Data changes since the last release:
Drug mechanism of action
For all FDA-approved drugs, information regarding the mechanism of action and associated efficacy targets has been curated from primary sources, such as literature and drug prescribing information. Targets have only been included for a drug if a) the drug is believed to interact directly with the target and b) there is evidence that this interaction contributes towards the efficacy of that drug in the indication(s) for which it is approved.
Structures for around 3200 metal-containing compounds have been removed from the database (though the bioactivity and other information for these compounds is retained).
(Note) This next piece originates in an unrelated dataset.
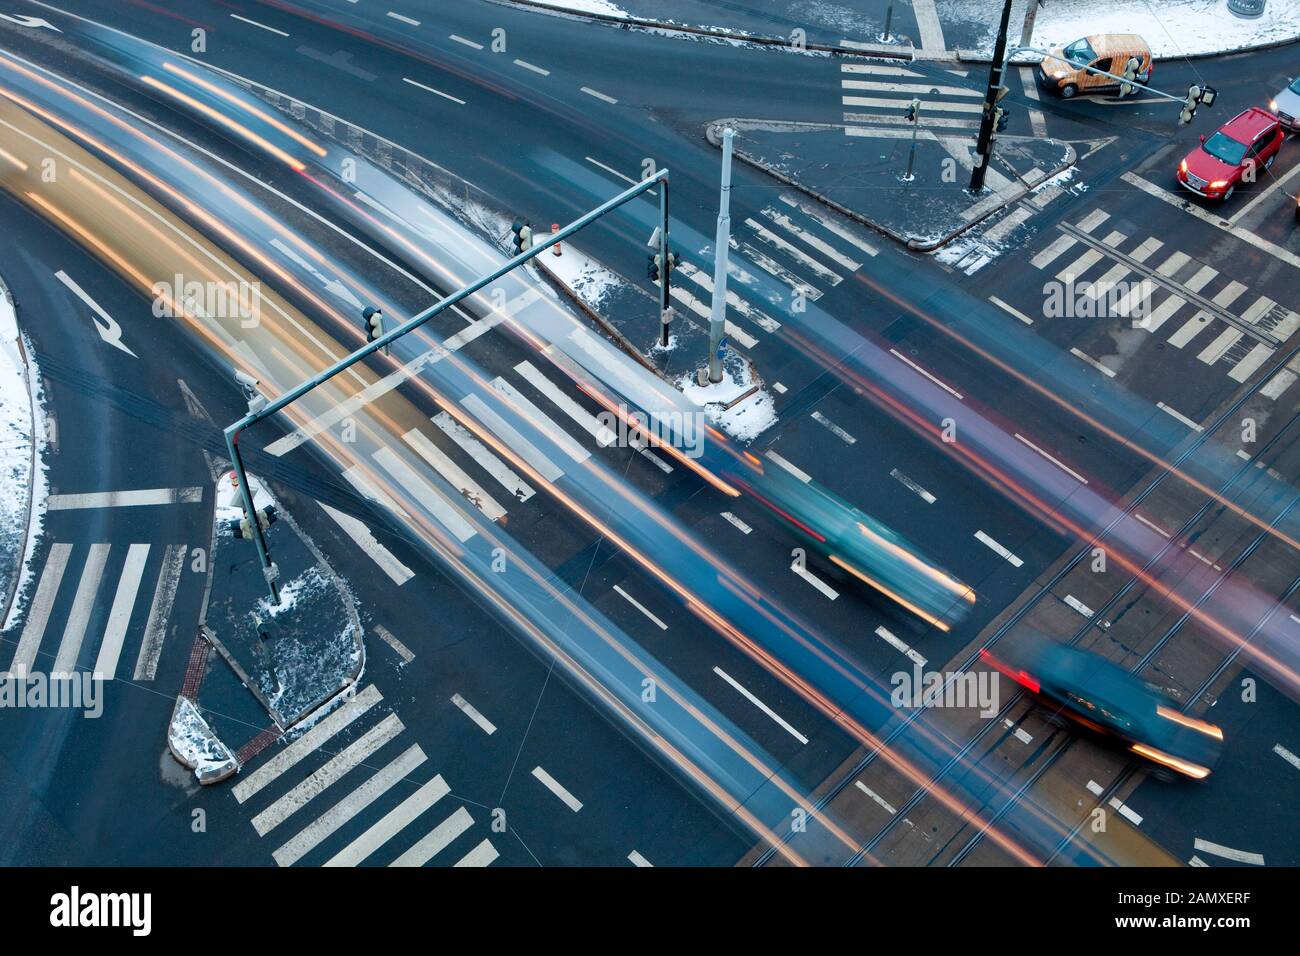 Praga - traffico all'incrocio - vista dall'alto Foto Stock
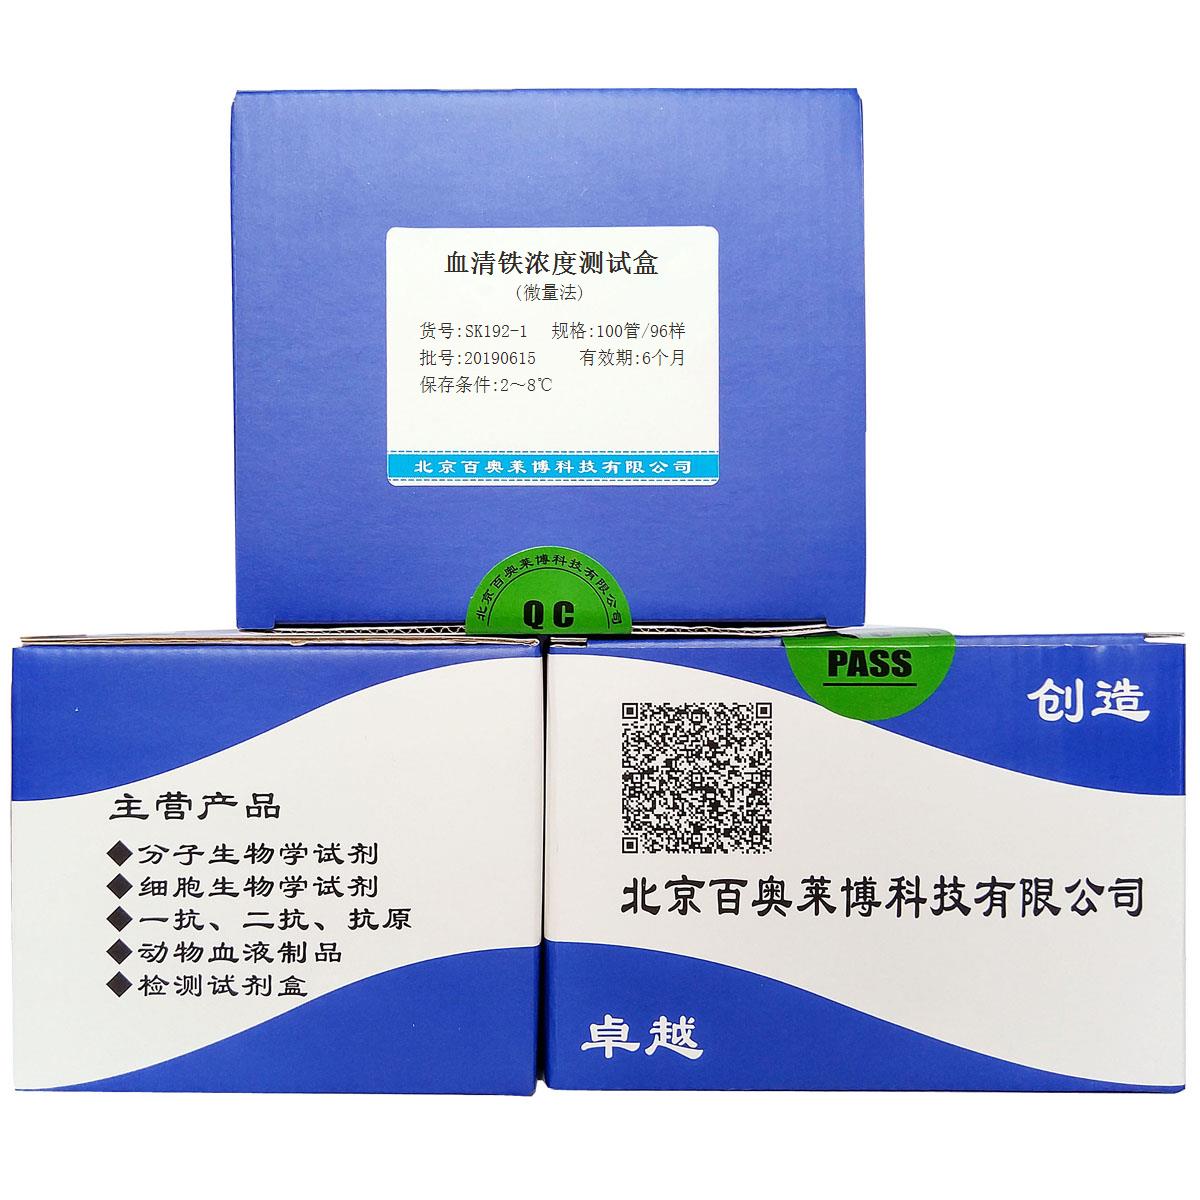 血清铁浓度测试盒(微量法)北京现货

For more information, please see the previous blog posts: http://chembl.blogspot.co.uk/2013/08/removal-of-metal-containing-compounds.html
New data sets
Several new deposited/extracted data sets have also been included in the latest release: two deposited data sets from GlaxoSmithKine for Ghrelin receptor agonists and Motilin receptor agonists, a data set of the results of screening the MMV Malaria Box compound collection for activity against Schistosoma mansoni, two data sets screening the GSK PKIS compound collection for inhibition of luciferase activity, and finally pathology data from the Open TG-GATES project.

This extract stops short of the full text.